Avatar e entretenimento

Antes de tudo, eu queria falar sobre a tamanha tentação que é não criar um vlog, seguindo o que eu fiz na semana passada. É cansativo, mas divertido. Enjoei de olhar pra minha cara durante as horas de edição, mas valeu pra ouvir a minha mãe dizer no telefone domingo: “Amaaaaaanda, você tá linda no youtube”. Hahaha. Mãe é uma coisa muito doida.

Mas o assunto de hoje: assisti Avatar, finalmente. Como o post não se chama “Comentário: Avatar”, só digo por cima que ele é estupidamente longo (duas horas e trinta e cinco minutos? Oi, Senhor dos Anéis?), mas MUITO legal. Sério mesmo, eu curti cada um dos trezentos e cinquenta mil minutos do filme. E nem senti tanta falta dos efeitos especiais. Uma coisa que tem me incomodado muito a respeito dos filmes que tão sendo lançados ultimamente é o fato de que TUDO agora é lançado na merda do 3D. Gente, que chatura! Só pra eu ter que pagar o dobro pra ir no cinema e usar um óculos com duas cores? Triste, mas vou ter que assistir algum filme em 3D pra falar mal com propriedade, agora. Olha que tristeza. Alguém quer ir ver Alice comigo?

Como eu digo aos meus alunos: focus…

Como ia dizendo, Avatar é muito legal. Apesar de ter exatamente o mesmo enredo de Pocahontas – e eu já tinha sido alertada disso, motivo de eu ter demorado tanto pra ver, além do 3D – , é muito divertido. Você realmente se apega aos personagens, e fica puto com os vilões, tudo. Passa o filme todo achando que vai acabar em tragédia, achando que seria impossível o Sully ficar com a… a mocinha azul. Neytiri?

Hoje de noite contei prum amigo meu que finalmente tinha visto Avatar e tinha adorado. Daí ele me perguntou diretamente “E é bom mesmo?”, daí eu parei. “Bom, ele é um grande entretenimento. É divertidíssimo, não é tempo perdido assistir, de jeito nenhum. Dá até pra abstrair um tiquinho nessa coisa de colonizar civilizações, mas isso é muito raso, obviamente, por isso foi um blockbuster. Eu gostei, mas não é um filme intelectual. É legal apesar de ser tão cheio de grana.”

Bom,

claro que eu não fui tão articulada na hora. Vocês viram no vídeo que eu sou um ser que não consegue elaborar uma coisa dessas sem pensar muito antes, apertar o backspace na cabeça e tal.

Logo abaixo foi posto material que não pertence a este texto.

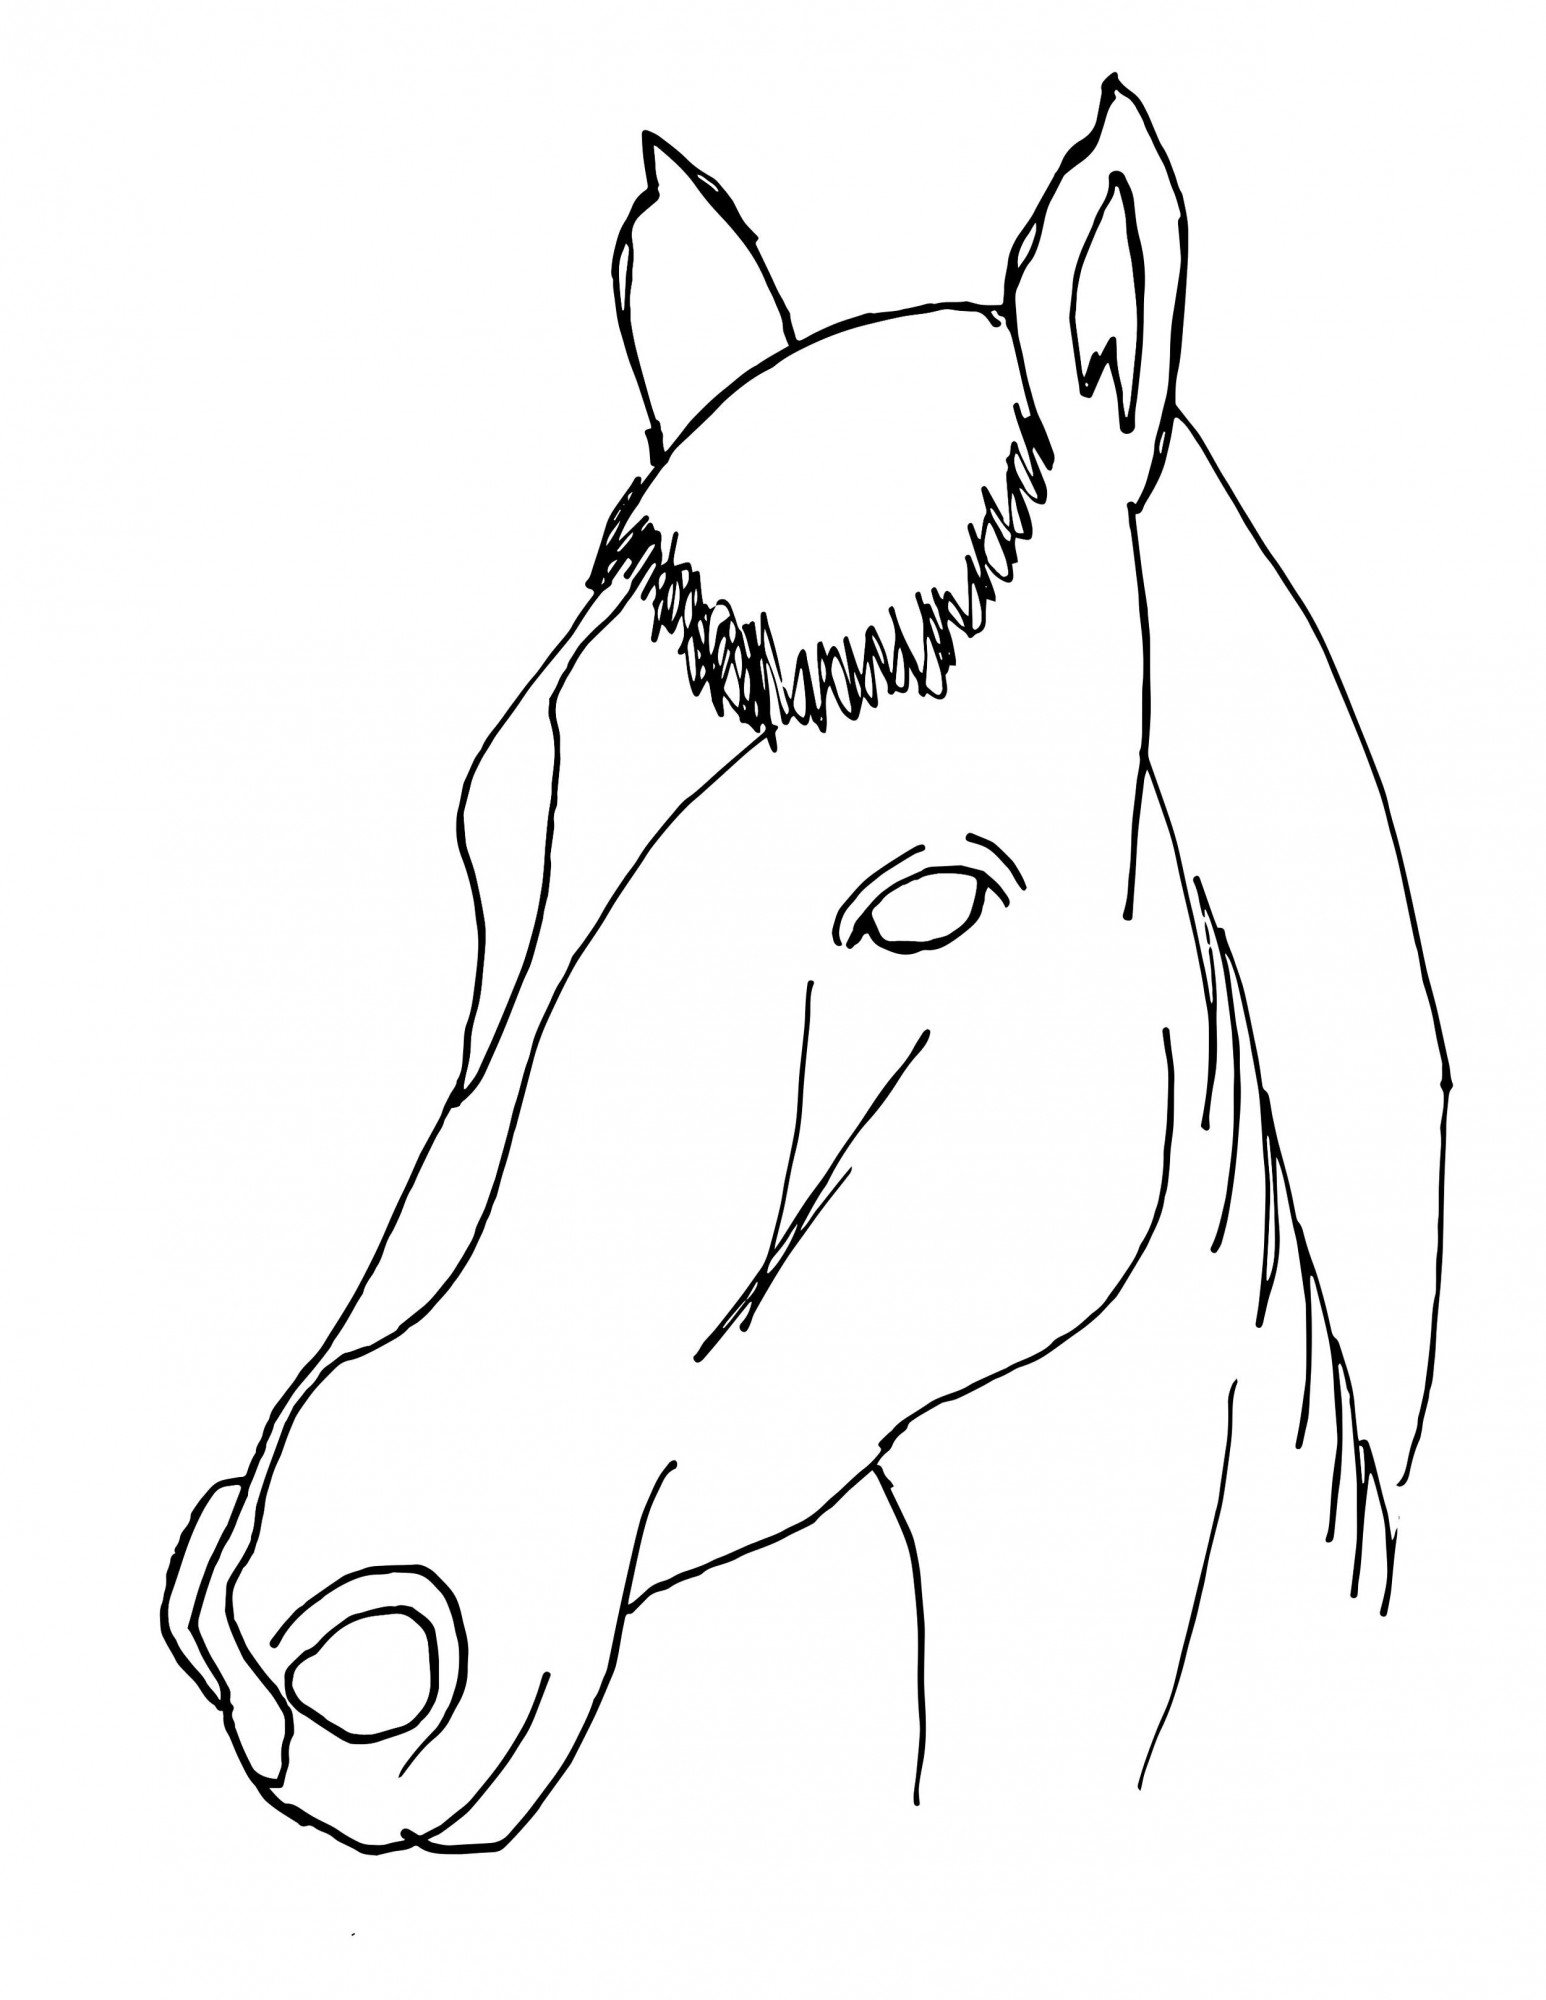 Horse "Bonnie" - black and white outline for coloring

O que eu quero dizer com tudo isso é na verdade bem simples: eu costumo separar o fato de uma coisa ser bem feita ou intelectualmente profunda do fato de eu ter gostado dela ou não. Odeio essa gente que só tem gostos intelectuais. Que só lê crássicos. Gente, hoje eu recebi por e-mail o primeiro capítulo do sétimo livro do Artemis Fowl e fiquei que foi pura felicidade. Adoro Harry Potter. Adoro… que mais intelectualmente condenado que eu adoro? *procurando nas pastas de músicas* Taí, Lady GaGa. Até Avril Lavigne tem. Evanescence. Mas eu gosto de umas coisas que são consagradas, tipo Placebo. Que todo mundo diz que é bem feito musicalmente, etc etc. Eu sei lá. Sei que eu gosto. Pra eu gostar, não é realmente importante ser cabeçudo. É claro que isso não significa gostar de porcaria unanimemente. Mas se alguém me diz que só ouve Chico Buarque, Death Cab for Cutie, Bob Dylan e coisas do naipe, eu desconfio. Exceto pelo Chico, gosto dos outros mencionados, mas…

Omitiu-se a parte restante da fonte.